Cool’s garden plays a part in Stanford’s STEP program, in which elementary school teachers learn about organic food and gardening. One of Cool’s missions is to teach the teachers how to cook. At the start, many insist that they can’t boil water, and yet the class always ends with a delicious meal they’ve made on their own.
“We are disconnected from cooking,” Cool says. “In our modern world, we have lost our connection to food. First we forgot how to cook; then we forgot where our food comes from.”
Food sources are of primary importance to Cool.
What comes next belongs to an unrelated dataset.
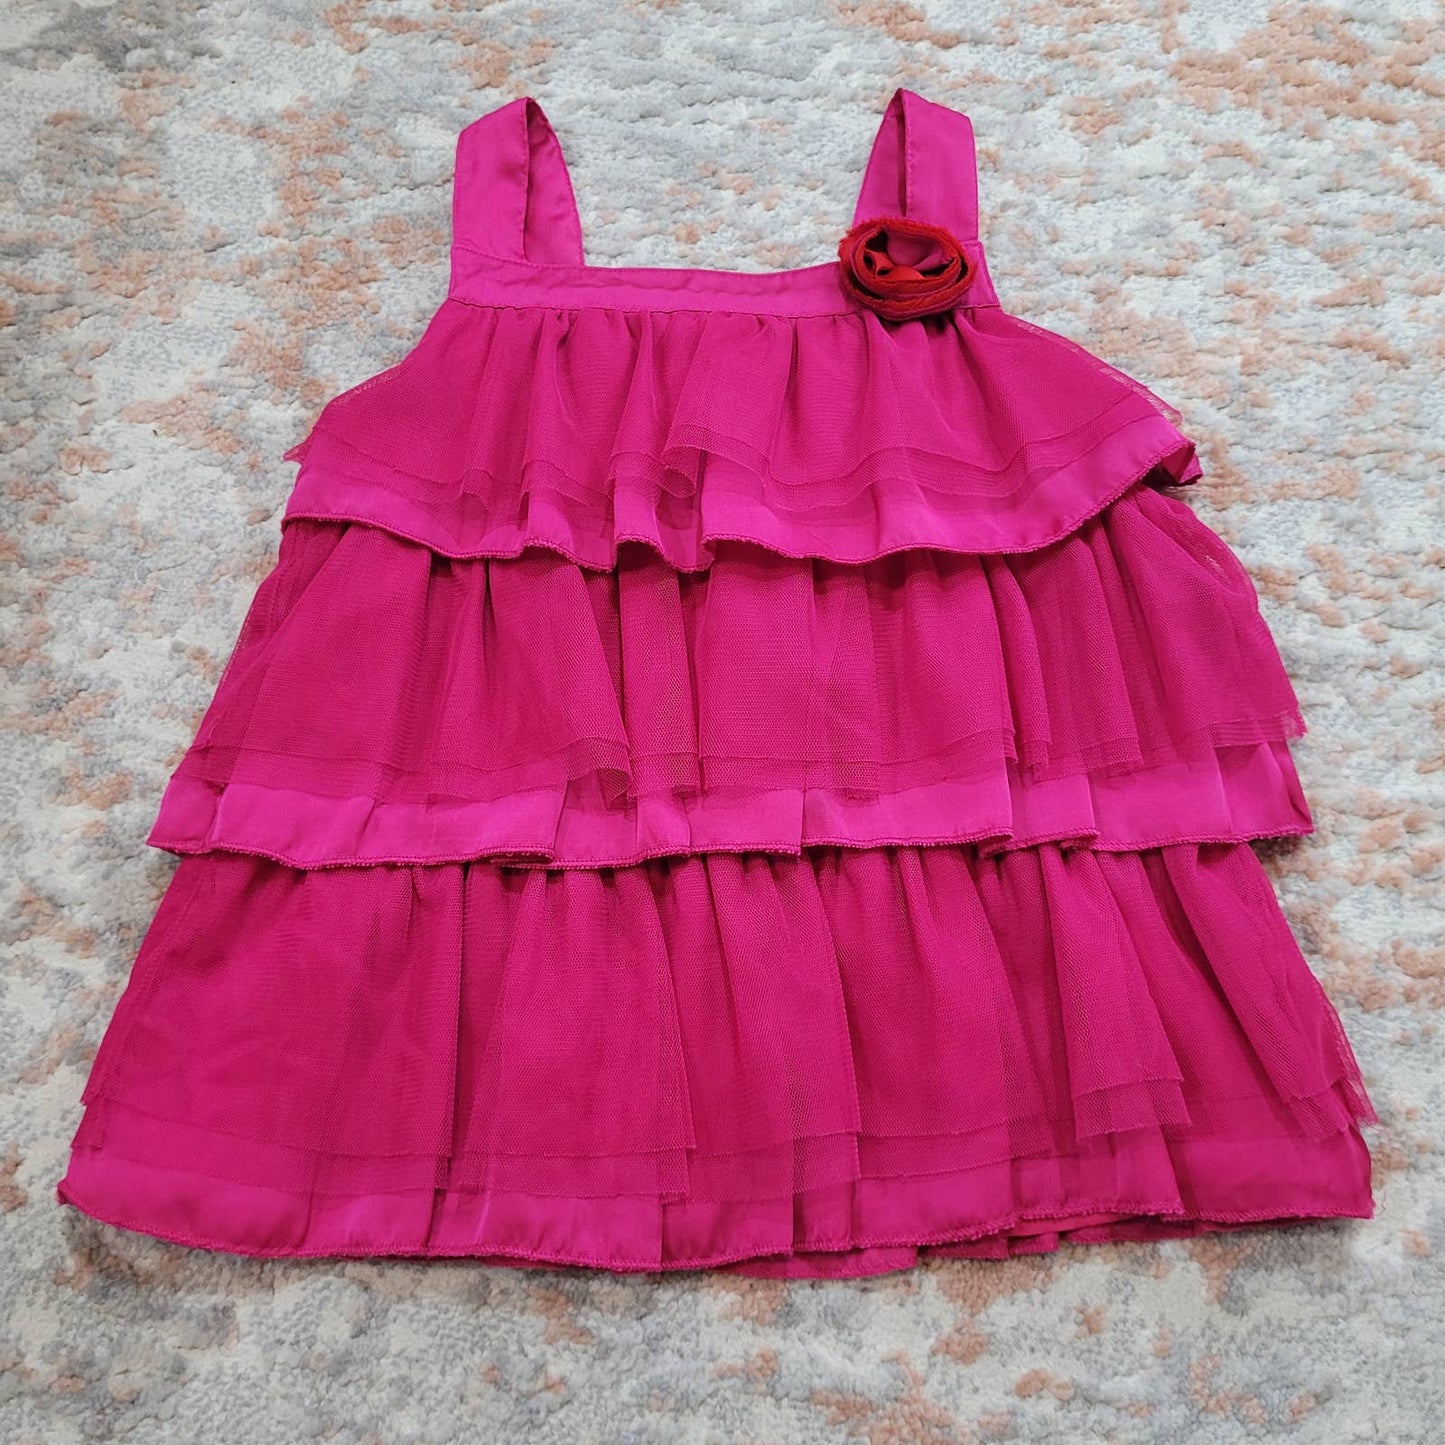 H&M Pink Tiered Ruffle Sleeveless Dress with Flower Accent - Size 7-8Y

She gets wild salmon for her restaurants from Seattle, but to avoid the environmental toll of shipping it to the Bay Area, she has it delivered by a Stanford professor who drives up to Washington once a month to visit his second home. “It’s frozen on the boat, and it’s the best salmon I’ve ever tasted,” she says.
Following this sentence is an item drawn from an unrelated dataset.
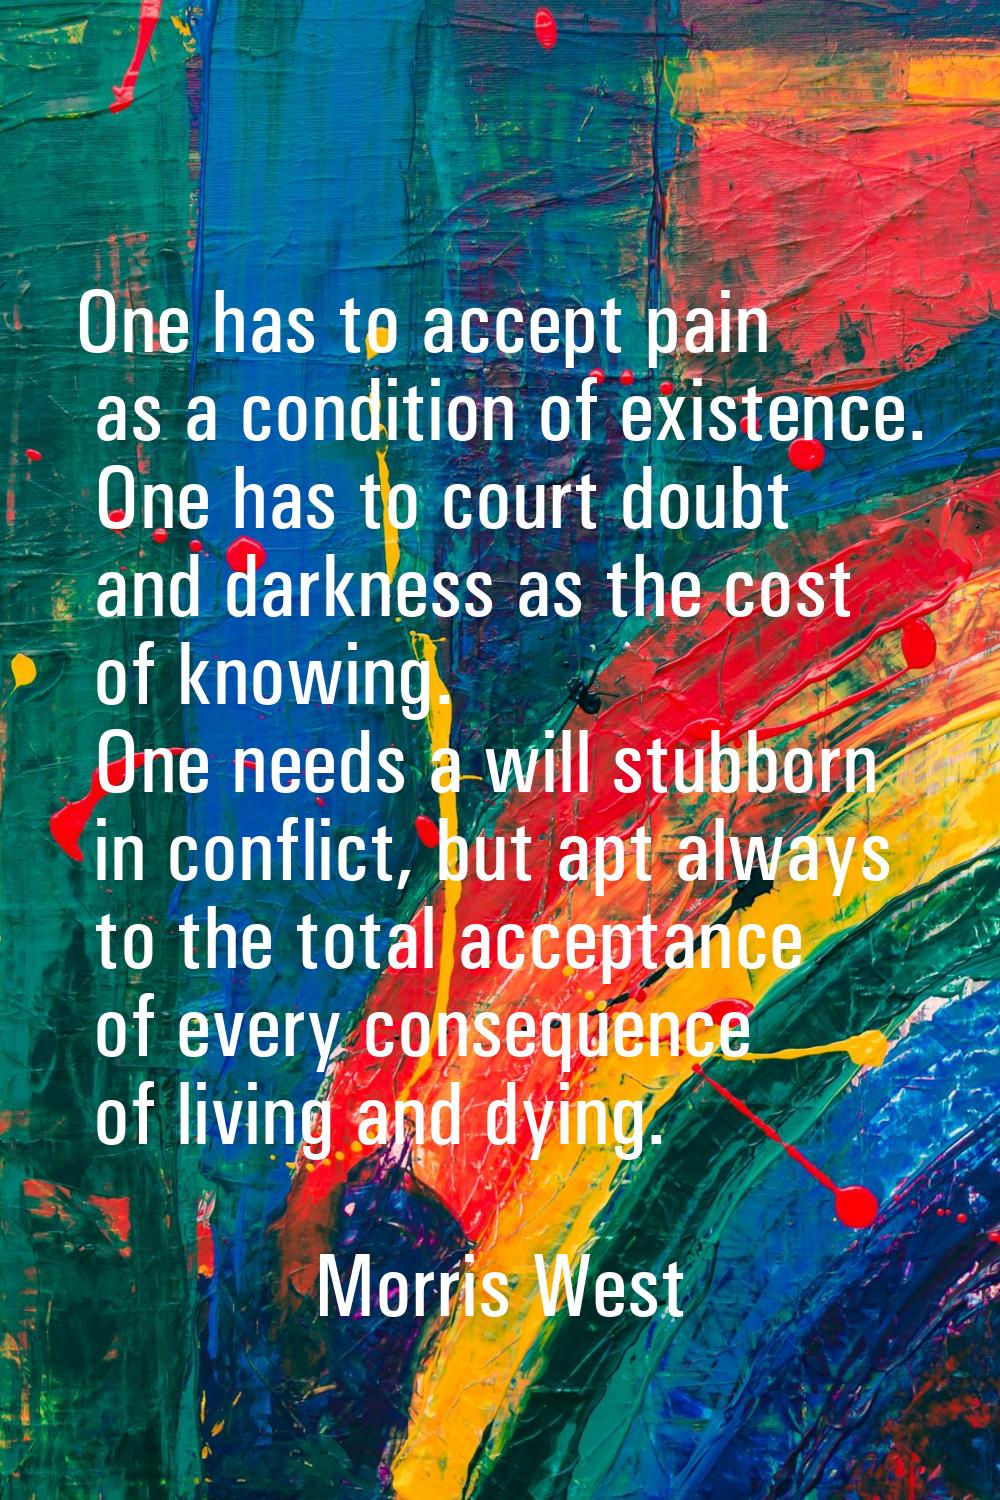 One has to accept pain as a condition of existence. One has to court doubt and darkness as the cost

Cool is well-known for supporting local farmers; her Menlo Park restaurants Late for the Train and Flea Street Café were serving organic food in the early 1980s long before it was popular, and she was buying goods from small, local farms long before it was convenient to do so. “It was hard to get [organic food] delivered to the Peninsula. The trucks stopped at San Francisco and Berkeley. I had to drive up to Niman Ranch [in Marin] myself.”
The organic food industry has changed a lot in recent years, but Cool says there are still difficulties: “Sometimes it’s really hard working with local farms. It’s so hard for a farmer to step off his farm to sell produce, or to deliver produce. It has to be sustainable for them, too.”
Asked how busy people can find the time to create fresh, organic meals at home, Cool says, “We need to give ourselves way more permission to be soulful. We forget about the great joy we can get from feeding each other. Last night I cooked for my mother. She is 89 and suggested that we go out for In-N-Out burgers. I said, ‘Mom, let me cook for you.’ And I went into the garden and got some vegetables and made some pasta. And we ate and talked and she just loved everything. And I said, ‘Mom, you just fed me.’”
Jewels from Jesse
What is your favorite guilty pleasure?
Gin martinis.
Who is your favorite chef?
I have always learned the most about food from my farmer friends. They keep me connected to how to keep it simple, respect pure flavors, keep it as fresh as possible.
Seen any movies lately?
I saw the screening of Botany of Desire, a documentary based on the book by Michael Pollan. I was there primarily because the filmmakers are dear friends. It was fantastic and I encourage people to make sure and see it when it shows on PBS.
What is your can’t-do-without ingredient?
Eggs. That’s why I have chickens. My sons know that I always have fresh eggs, good cheese, fresh vegetables, butter, and olive oil in the kitchen. With those ingredients, I can always make something wonderful.